В 1872 году было принято решение о постройке галереи. Постройку должен был производить зять Павла Михайловича, А.С. Каминский. Немало, наверное, было толков и совещаний. Каминский, часто приходя с Павлом Михайловичем к завтраку, продолжал за столом строить планы и их обсуждать. Пришлось пожертвовать куском сада, где как раз стояла группа густых грушевых деревьев. Здание должно было примкнуть к дому, захватив одно окно по южной стороне. Окно превращалось в дверь внизу — в кабинете, наверху — в столовой. Была подана смета. Этот первый документ имел такое заглавие: «Смета на постройку галереи для художественных картин г. Павлу Михайловичу Третьякову. Составлена 23 августа 1872 года».

Все работы должны были стоить 27658 рублей 70 копеек.

К стройке приступили тотчас же. Павел Михайлович, вполне доверяя Каминскому, 2 сентября уехал с Верой Николаевной путешествовать. В тот год они навещали в Крыму больного Васильева и осматривали некоторые города Германии. Дети оставались, как обычно, на даче в Кунцеве до конца сентября, поэтому начало работ — как валили деревья и рыли — мы не видели.

5 октября Сергей Михайлович писал брату за границу: «Сегодня получил от тебя телеграмму из Мюнхена, на которую отвечаю, что ваши дети совершенно здоровы и что у вас все благополучно. Постройка в Толмачах идет довольно успешно». В эту осень стены были выложены под крышу. В 1873 году здание достраивалось, штукатурилось и отделывалось. Нижний зал, очень низкий, как весь нижний этаж дома, имел окна только на север. Были деревянные перегородки, шедшие от каждого простенка между окнами. Из нижнего этажа в верхний вела деревянная лестница. Верхний зал, очень высокий, освещался окнами, проделанными вверху стен под потолком. Надо сказать, что такое освещение оставалось недолго. Оно давало недостаточно света. Его переделали.

Вертикальные окна были заменены застекленным потолком. Сохранилась смета и на эту переделку. Вероятно, новая система верхнего света была вначале не очень усовершенствована и доставляла много забот, когда приходилось производить починки, мыть стекла и счищать снег. В одном из писем к путешествующим Павлу Михайловичу и Вере Николаевне Марья Ивановна 29 сентября 1879 года жаловалась: «Малярам одно осталось сделать — пересмотреть все работы и стекла в галерее, но насколько это трудно, стекла три разбили, сам Горбунов там был и ворчал на Каминского, пусть бы он сам влез и посмотрел, что тут можно сделать, надо лечь на живот и перемазывать стекла, а если посильнее наляжешь, то и стекло вон. Вот тут и делай, как знаешь, рабочие те не идут, боятся, уж очень неприступно».

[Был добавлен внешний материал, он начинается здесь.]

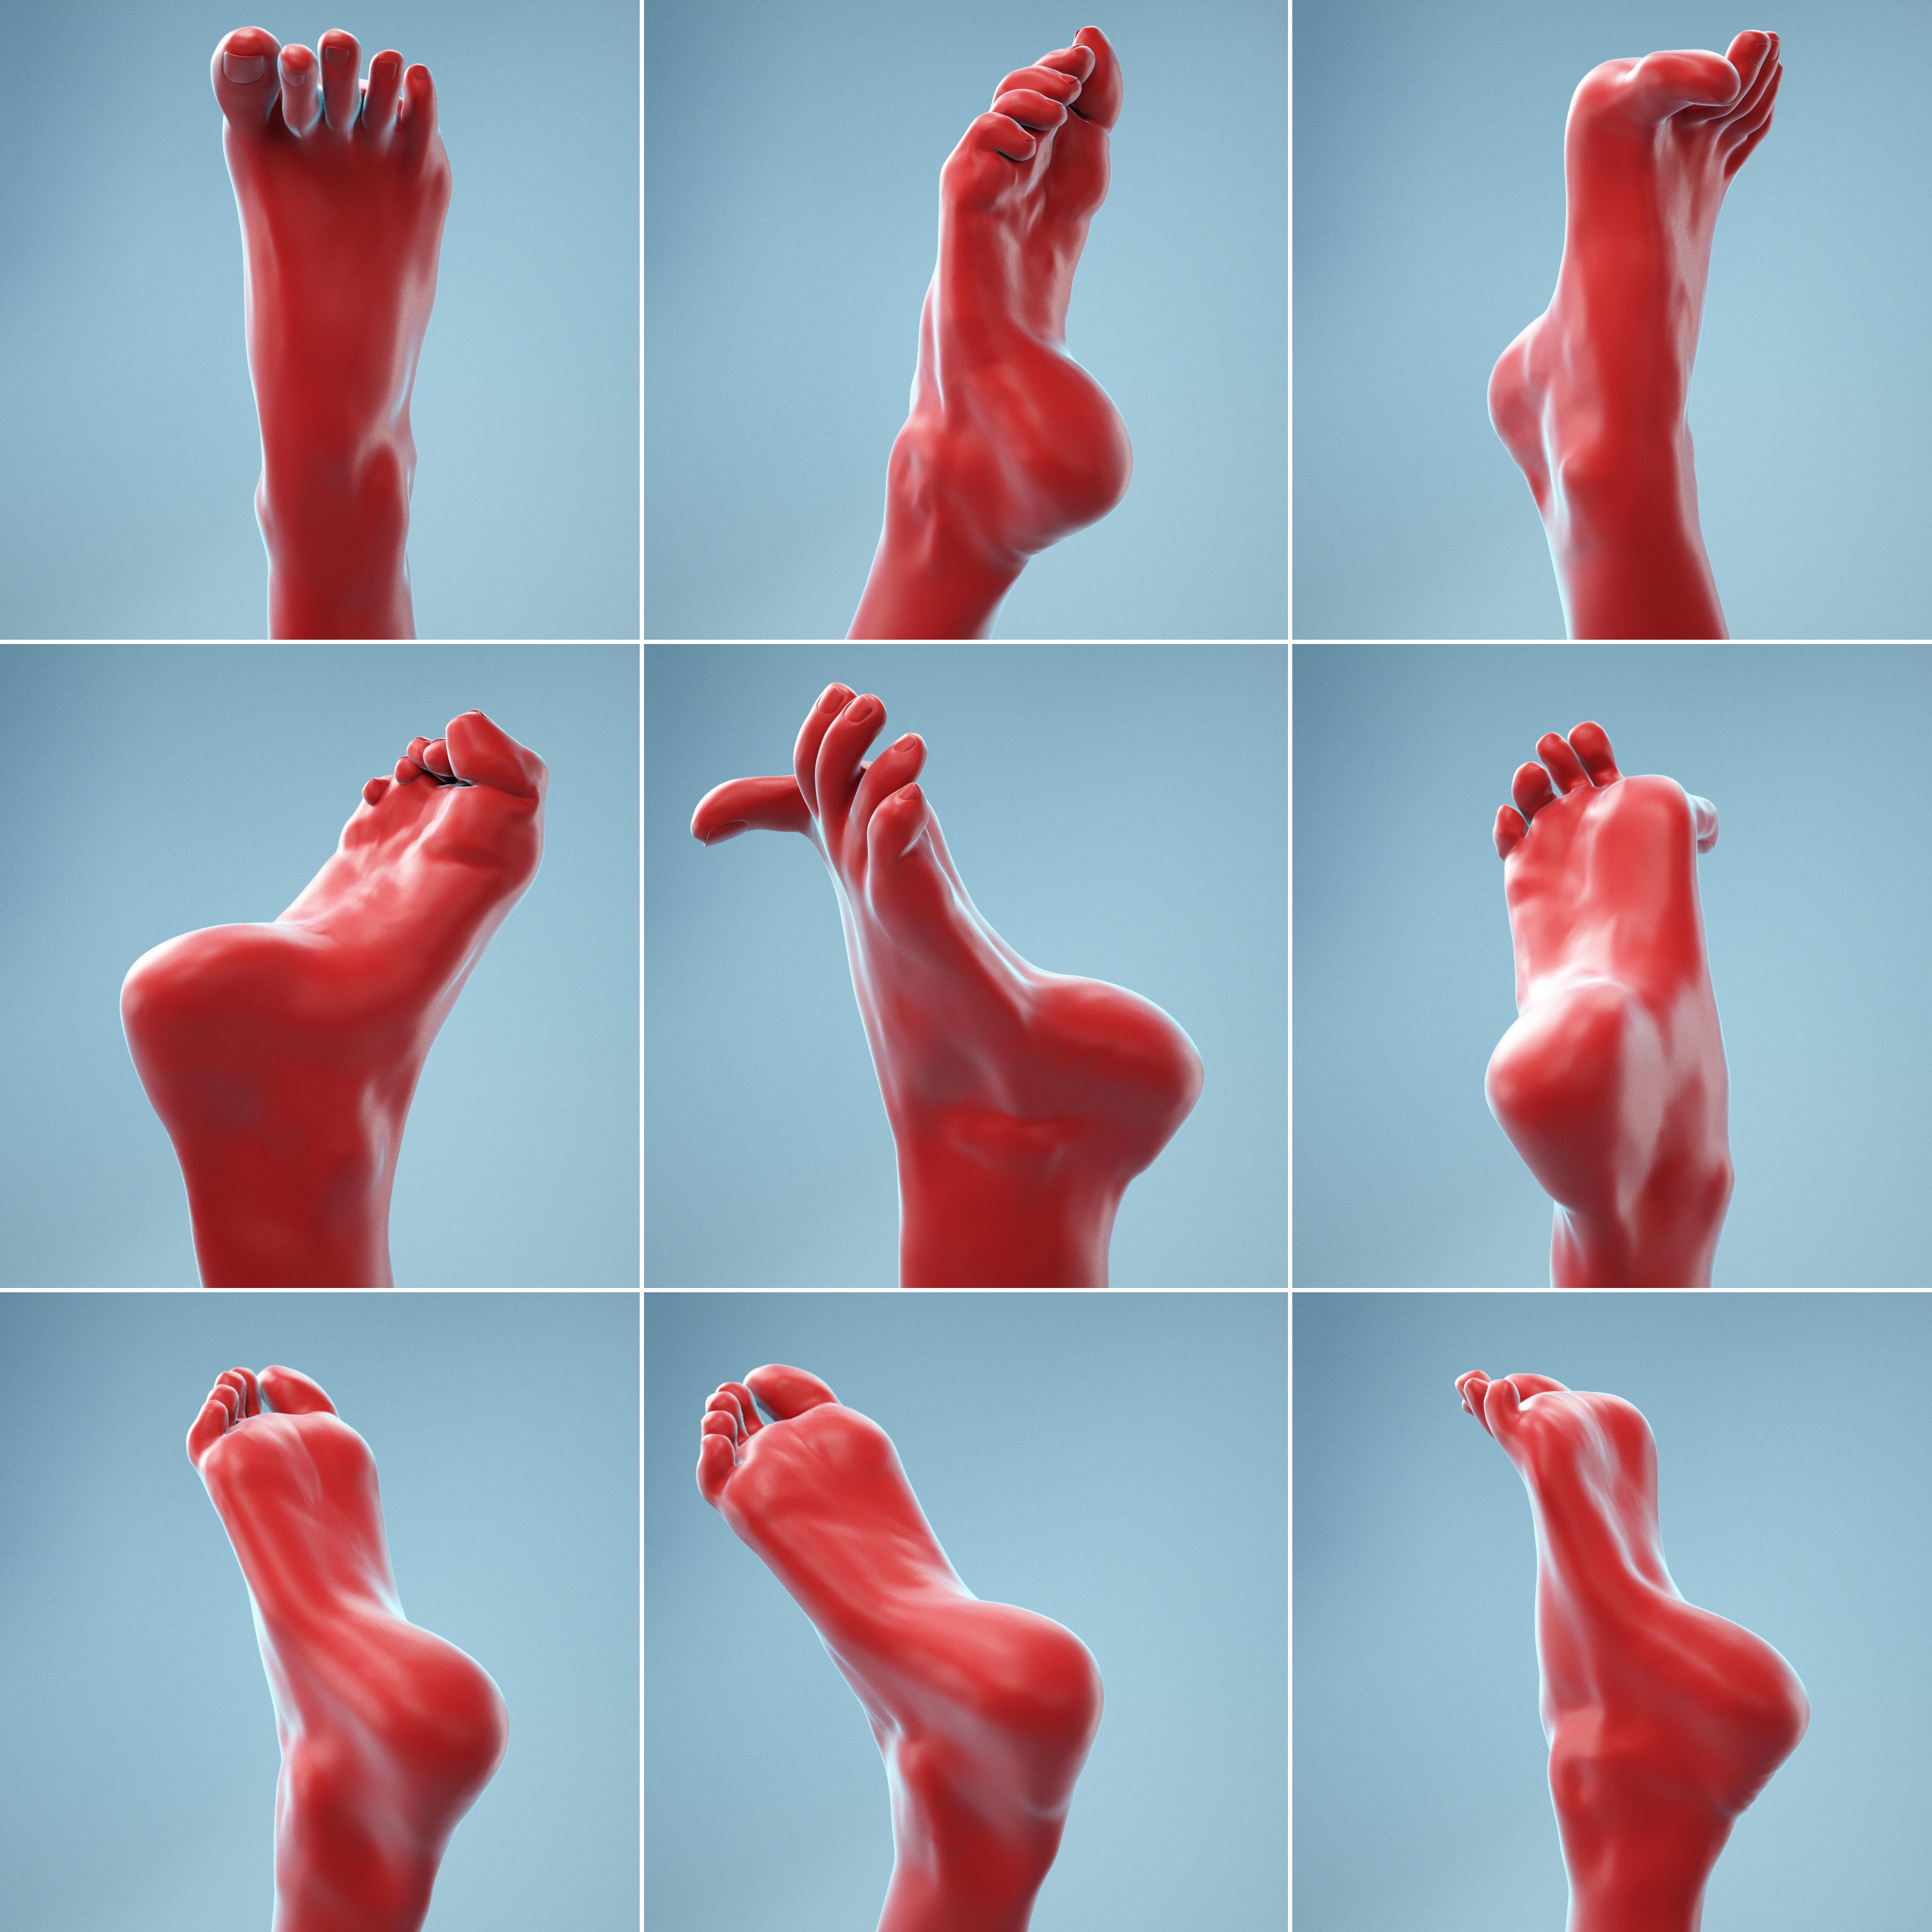 7 Realistic Photoscanned Feet

Весной 1874 года произошло переселение картин в новое помещение. Вера Николаевна описывает: «В 1872 г. в сентябре месяце была закладка нашей картинной галереи», а в 1874 году в конце марта начали развешивать картины. Заведовал этим Павел Михайлович; я помогала ему советом и передавала служителю его распоряжение, где какие картины вешать... Помню я, — продолжает Вера Николаевна, — было это на седьмой неделе великого поста, время спокойное, гостей никого не ждали, — почему я вполне посвятила себя галерее и рассматриванию каждой картины в бинокль, потому что имела глаза близорукие. Какое наслаждение испытывали мы, гуляя по галерее, такой великолепной зале, увешанной картинами, несравненно лучше казавшимися нам при хорошем освещении».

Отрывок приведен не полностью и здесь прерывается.